Also, though I didn't question it at the time, our customer raised the issue of ARPing while he was watching the debug on his firewall for inbound traffic. My PIX was indeed ARPing like crazy for 192.168.27.22 so (at his request) I did add a static ARP entry for the MAC of his firewall's external interface against 192.168.27.22. ARPing stopped, but didn't seem to affect the overall problem.

I'll try a host specific route now and see if that makes any difference (will update you).

Thank you so much again, really very much appreciated.

 
Based on what you're saying, my feeling is that the problem is with the other firewall rather than your pix. If the pix is arp-ing for 192.168.27.22, then it's trying to send traffic to it, and needs to know what mac address to send it to. At which point you basically know your access lists etc are allowing the traffic correctly (which we know anyway, as you don't have an outbound access-list applied, so all traffic will leave as it should)

If this previously worked, but now doesn't, and your partner can see the pix making a lot of arp requests, that means his firewall must at some point have been set up to answer those arp requests, and now isn't.

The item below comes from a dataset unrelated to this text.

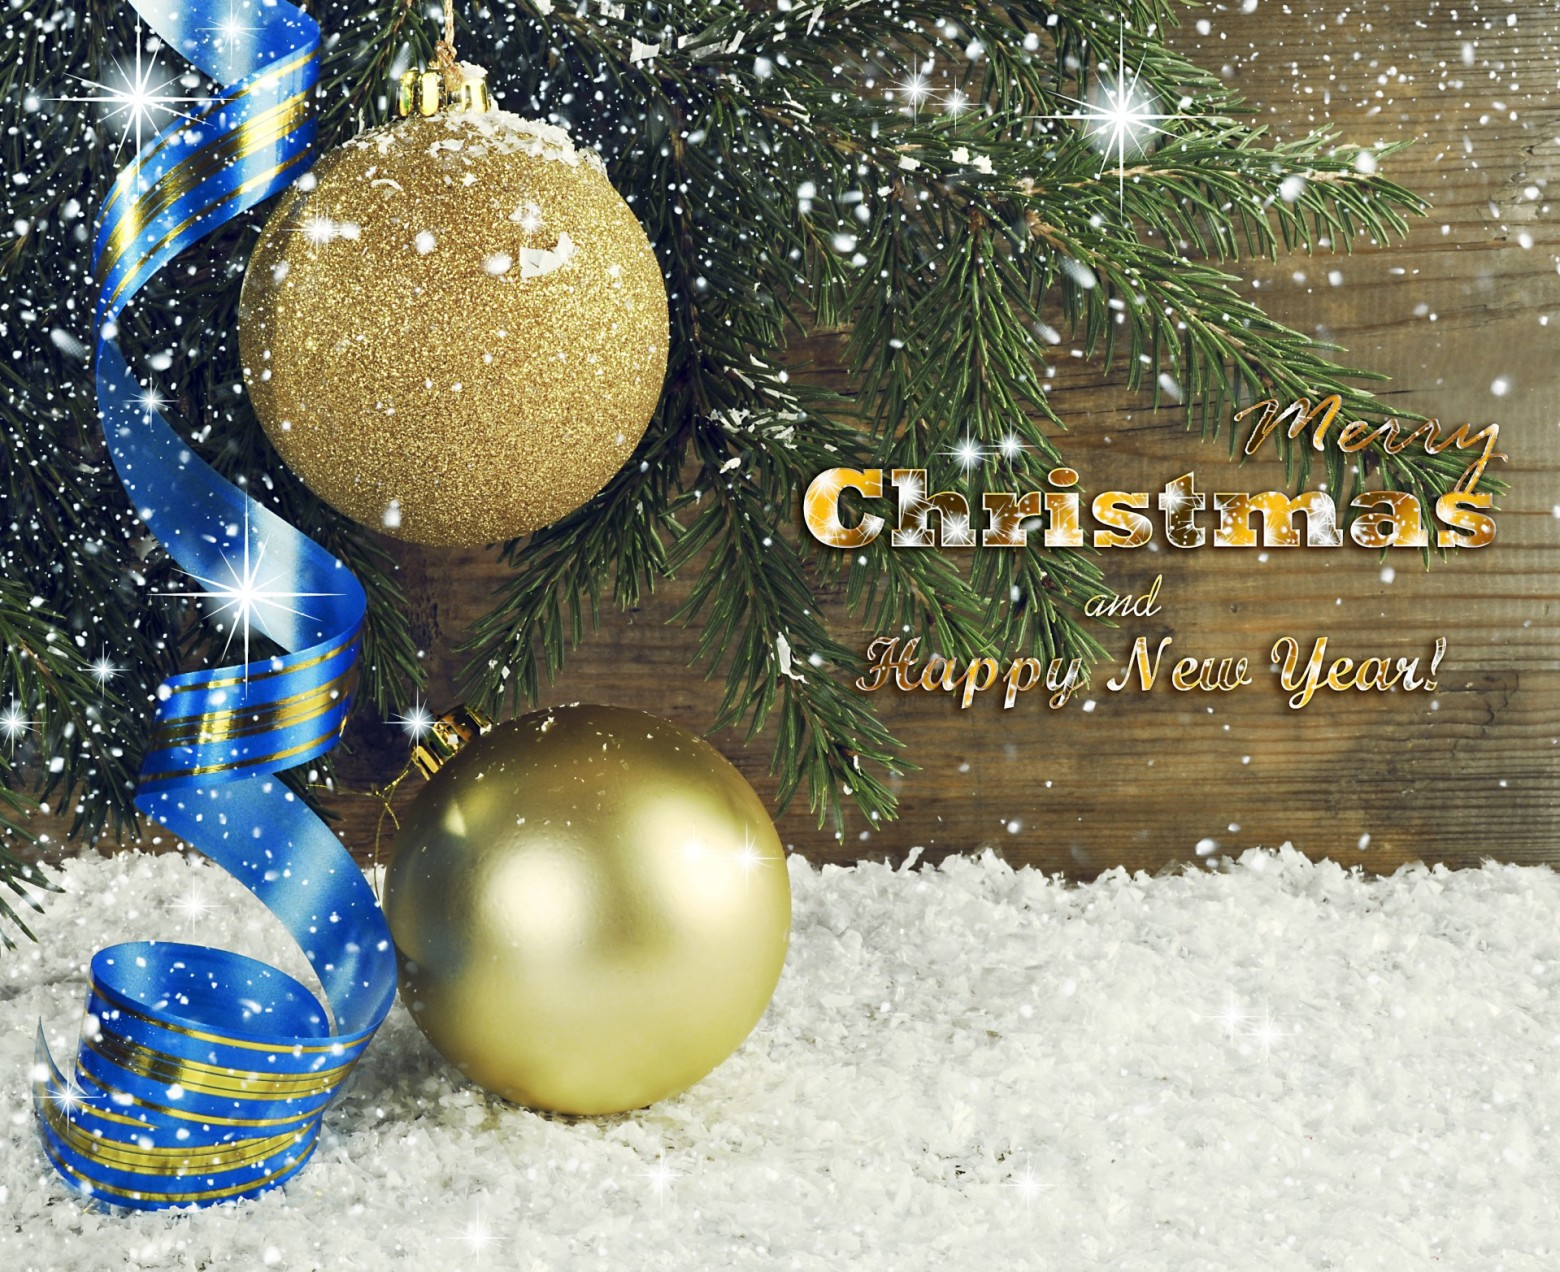 les plus belles carte de voeux de noel et bonne année gratuites
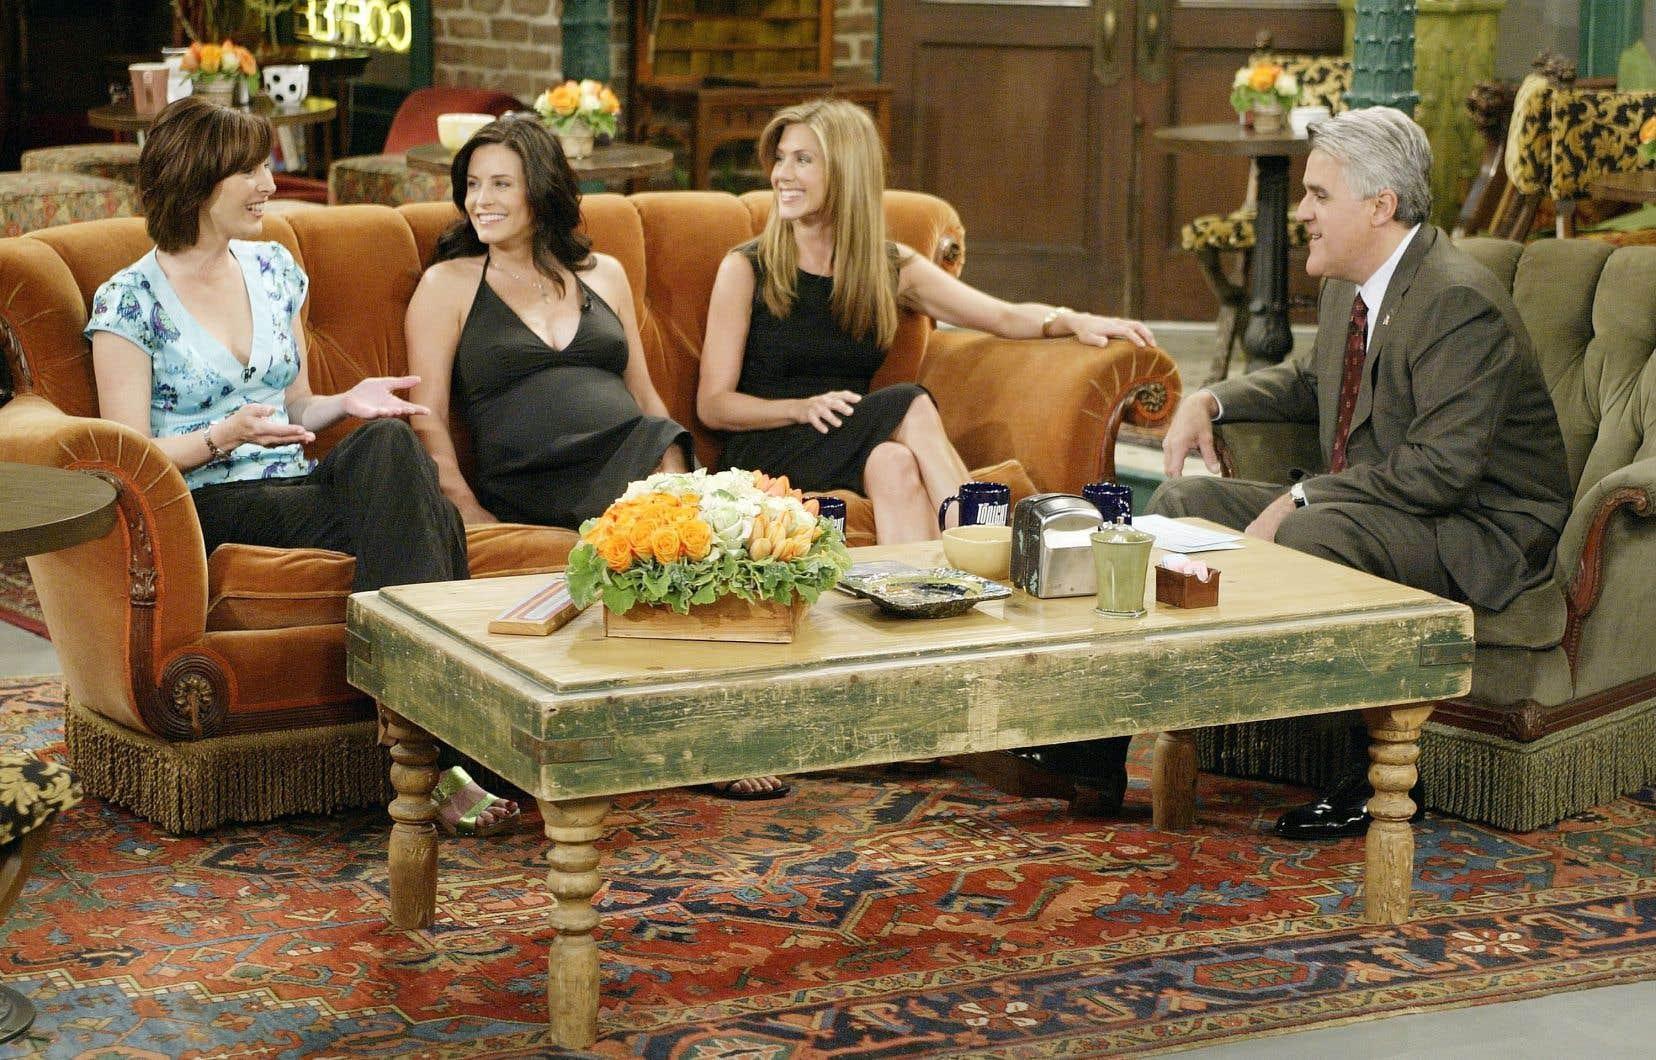 Télédiffusée de 1994 à 2004, la série a été un immense succès d'audience et a marqué une génération de téléspectateurs.

Or else traffic for 192.168.27.22 would never have routed to his firewall.

Check your translation table using "show xlate" to prove that you're natting the local device out properly, if so I'd be inclined to ask the other party to check their proxy arp settings and do a capture to libpcap format from their external interface, so you can examine what they're seeing in ethereal.

You can do the same on the pix, using the capture command, you need to create an acl to do so, like below

access-list ethereal permit ip any host 192.168.27.22
capture ethereal access-list ethereal packet-length 74 interface outside

And then browse to to pick up the capture file. You should be able to prove the packets are leaving your pix that way.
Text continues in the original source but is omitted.